Christine Malfitano Art 402

Berthe Morisot, a French painter was born in 1841 into a wealthy family. Morisot started to receive painting lessons from Joseph-Benoit Guichard, and soon became interested in Impressionism. Morisot had married Eugene Manet and was declared sister in law of Edouard Manet. Though she was inspired by him and he was her mentor, she clearly showed her own distinct style in every painting. "If we had to define Berthe Morisot's originality, the quality that really distinguishes her from the contemporaries- we might describe her as a painter of the early morning light. Better than any other painter, she captured, but that is almost to strong- conveyed on the canvases the pale gold of dawn "(Rey 85).
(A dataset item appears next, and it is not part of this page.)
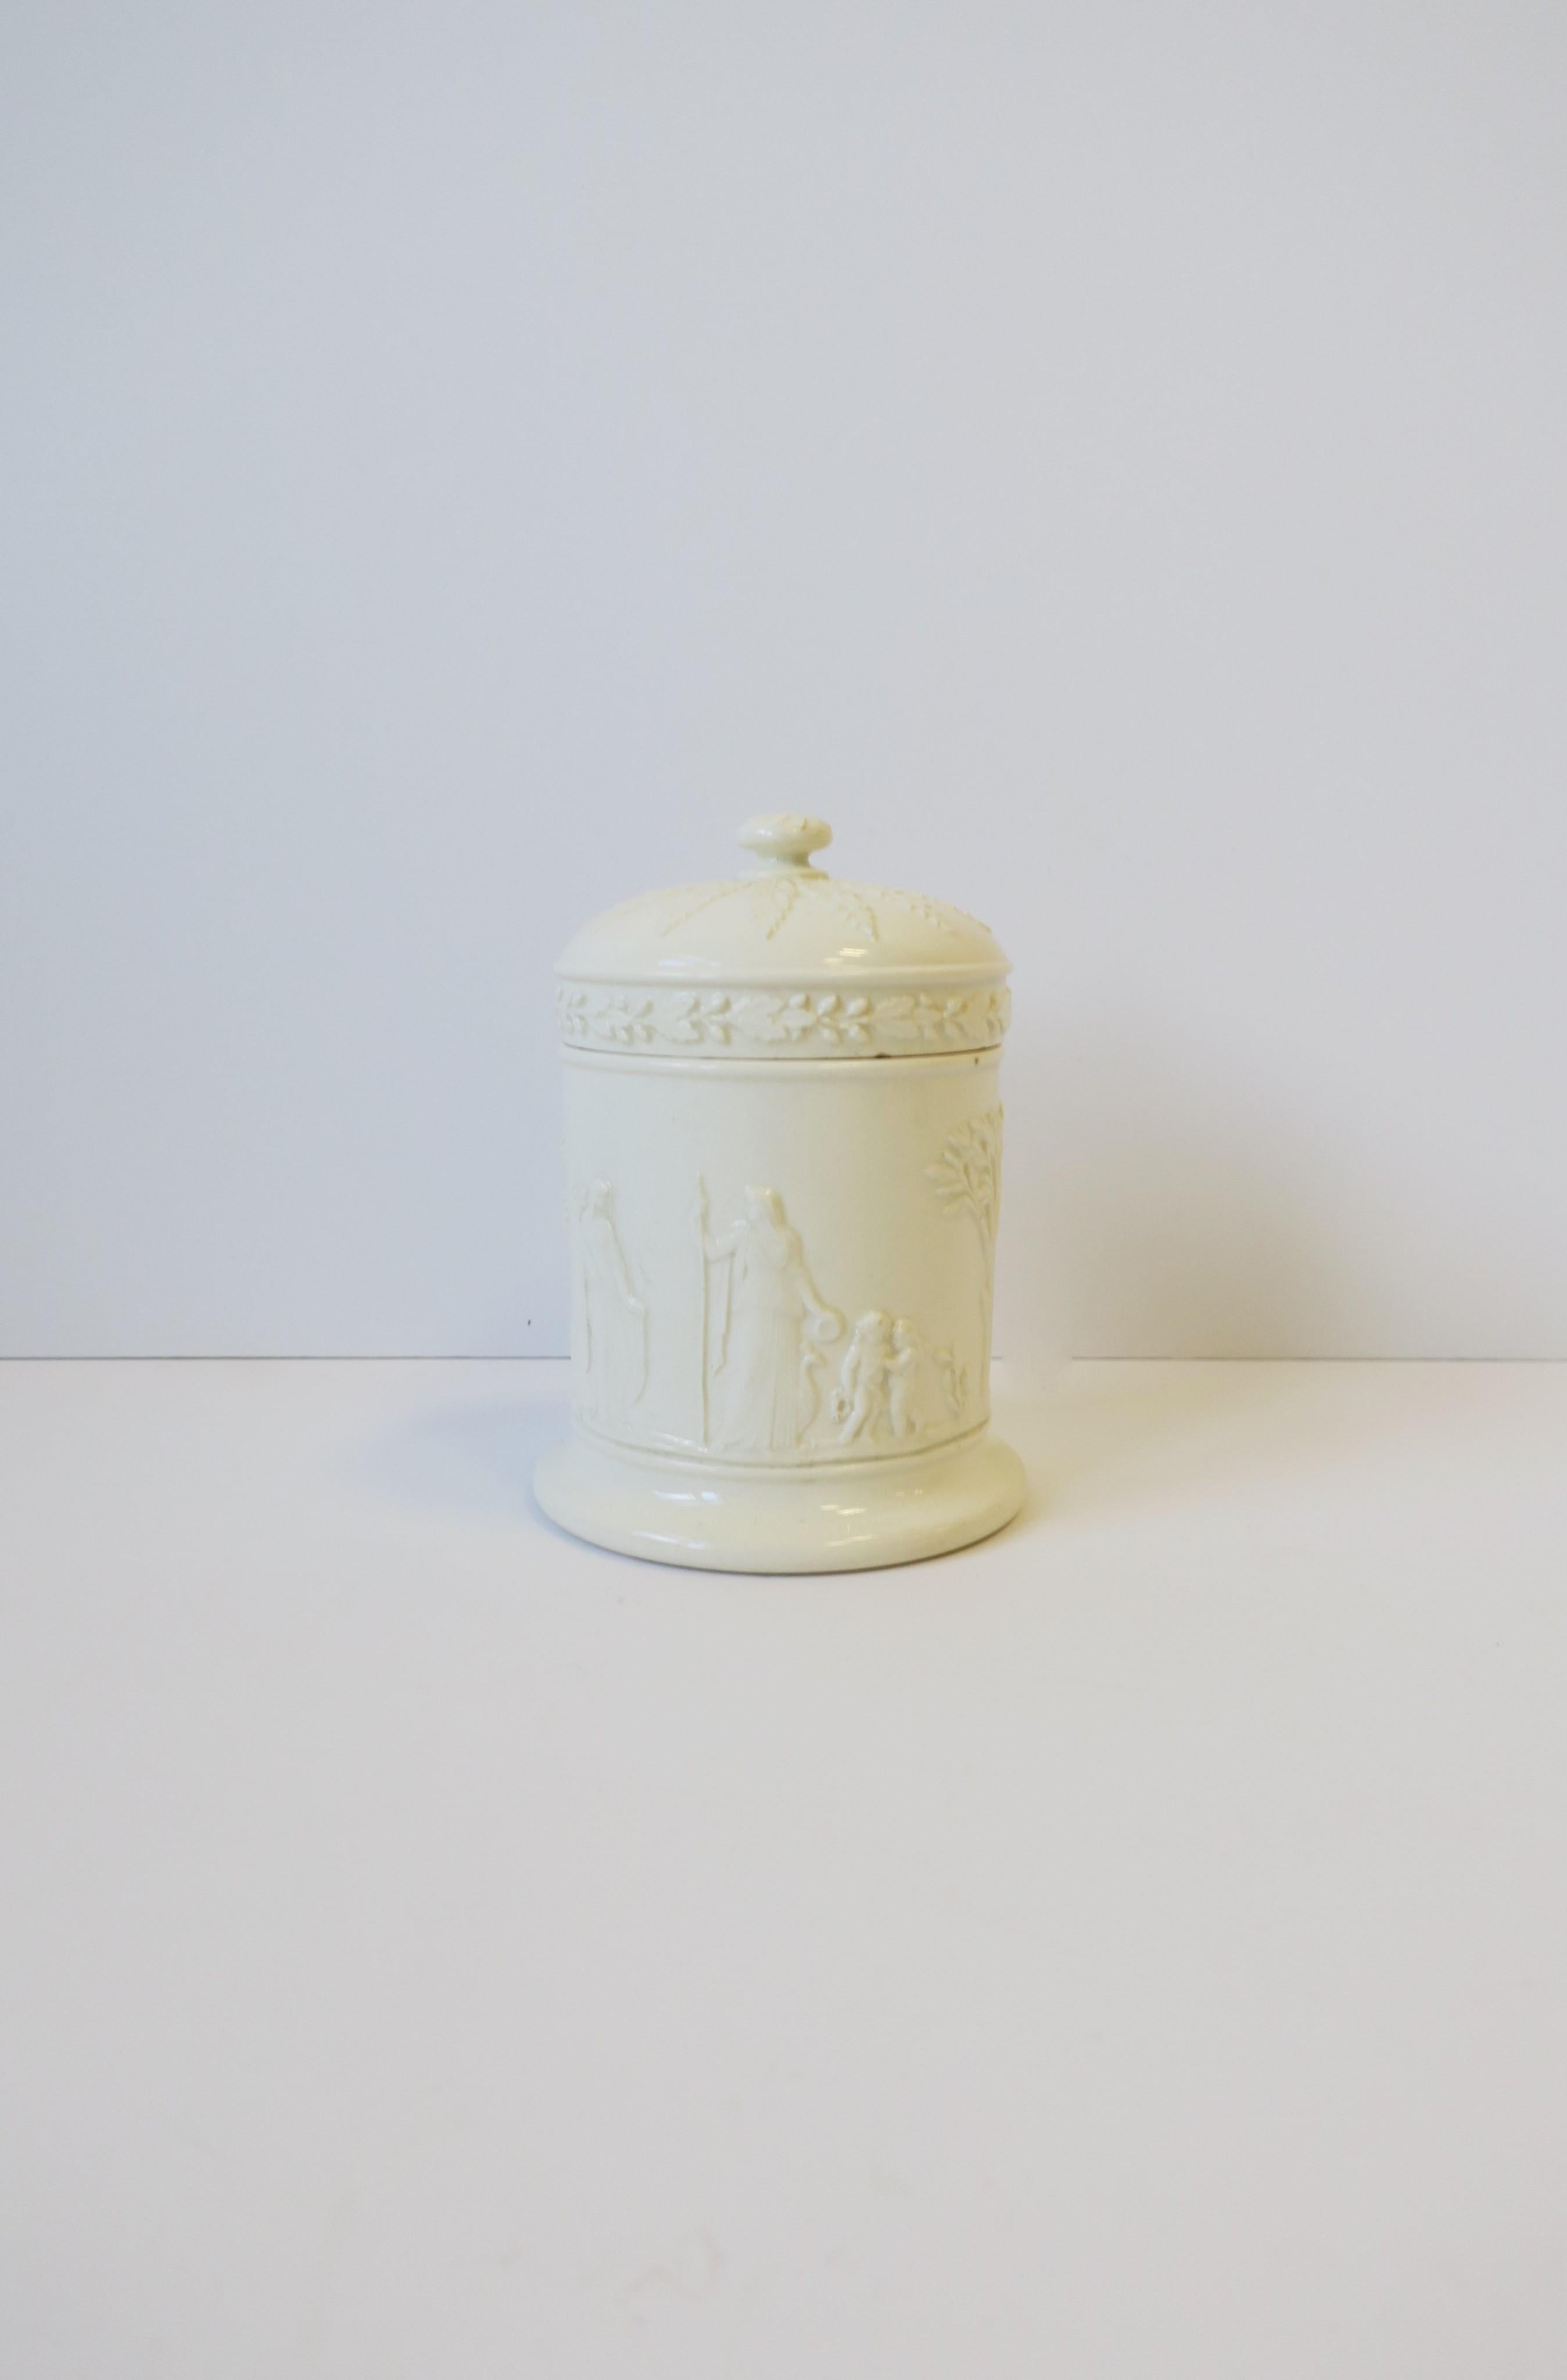 A beautiful off-white cream ceramic box jar with lid by Wedgwood, in the Neoclassical style, circa mid-20th century, England. With marker's mark on bottom as shown in image #12. Great as a standalone piece or to hold small items on a vanity,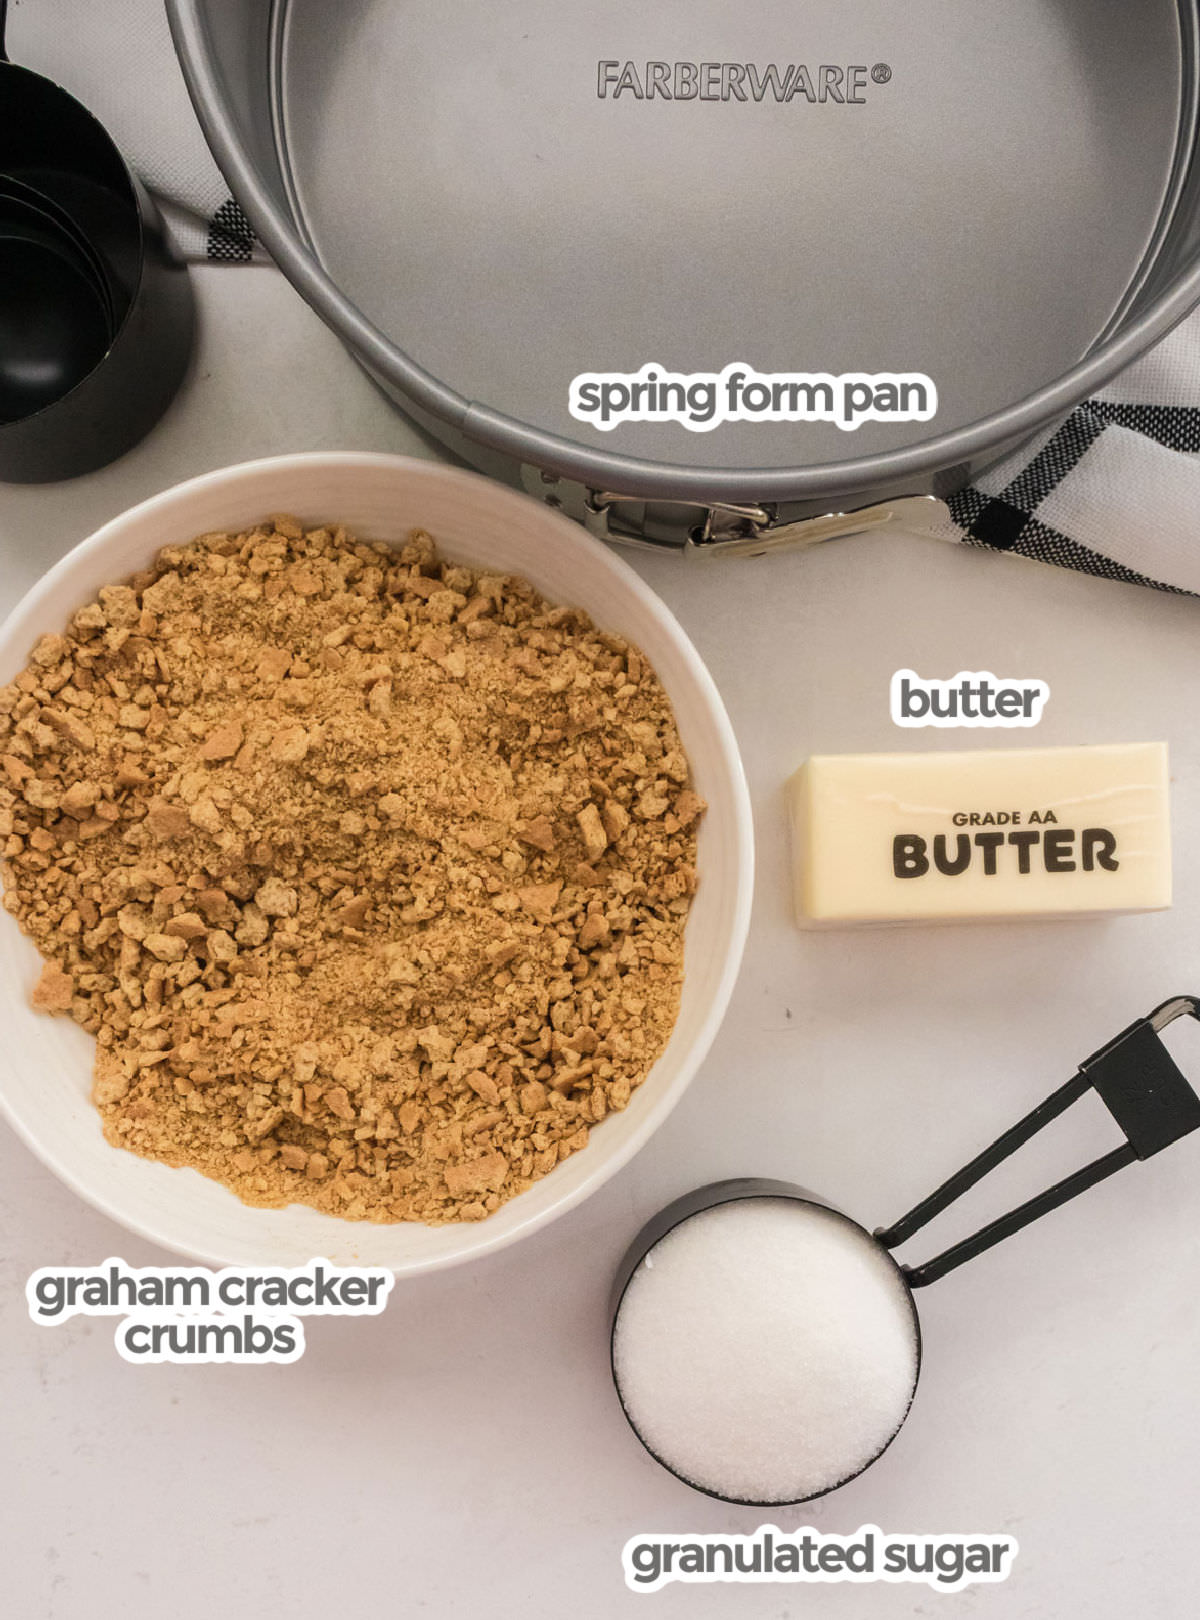 All the ingredients required to make a Graham Cracker Crust including graham cracker crumbs, butter, sugar and a springform pan.

Although she wasn't a very popular featured impressionist, she still held a place among the greats such as Manet, Monet and Renoir. Manet had a profound impact on Morisot and her style of painting. "Morisot learned a great deal about her painting from Manet, whose art she esteemed perhaps more than that of any other contemporary" (Farwell 46). Many say she followed his style to some degree and respected his ideas. He would often assist her in some pieces as so did she. One can say it was a mutually beneficial relationship. "Naturally the aspiring artist was attracted by the personality of the famous older man and admired his work. Manet, in turn, was dazzled by the young woman, for he was able to see not only her own promise but how much she could inspire in others" (Rye 15) . She was a French female artist of the 1860's who yearned to pursue a career in art, in which she had done successfully. One must fully understand that this was an age where female painters were not in abundance and there were many barriers. In 1860 she joined the impressionist group, which at the time consisted of Manet, Monet, Renoir, Pissaro, Van Gogh, and Degas. "Morisot became involved in the impressionist movement through personal connections" (Higonnet 23). Impressionism mainly focuses on capturing a moment and what the eye sees.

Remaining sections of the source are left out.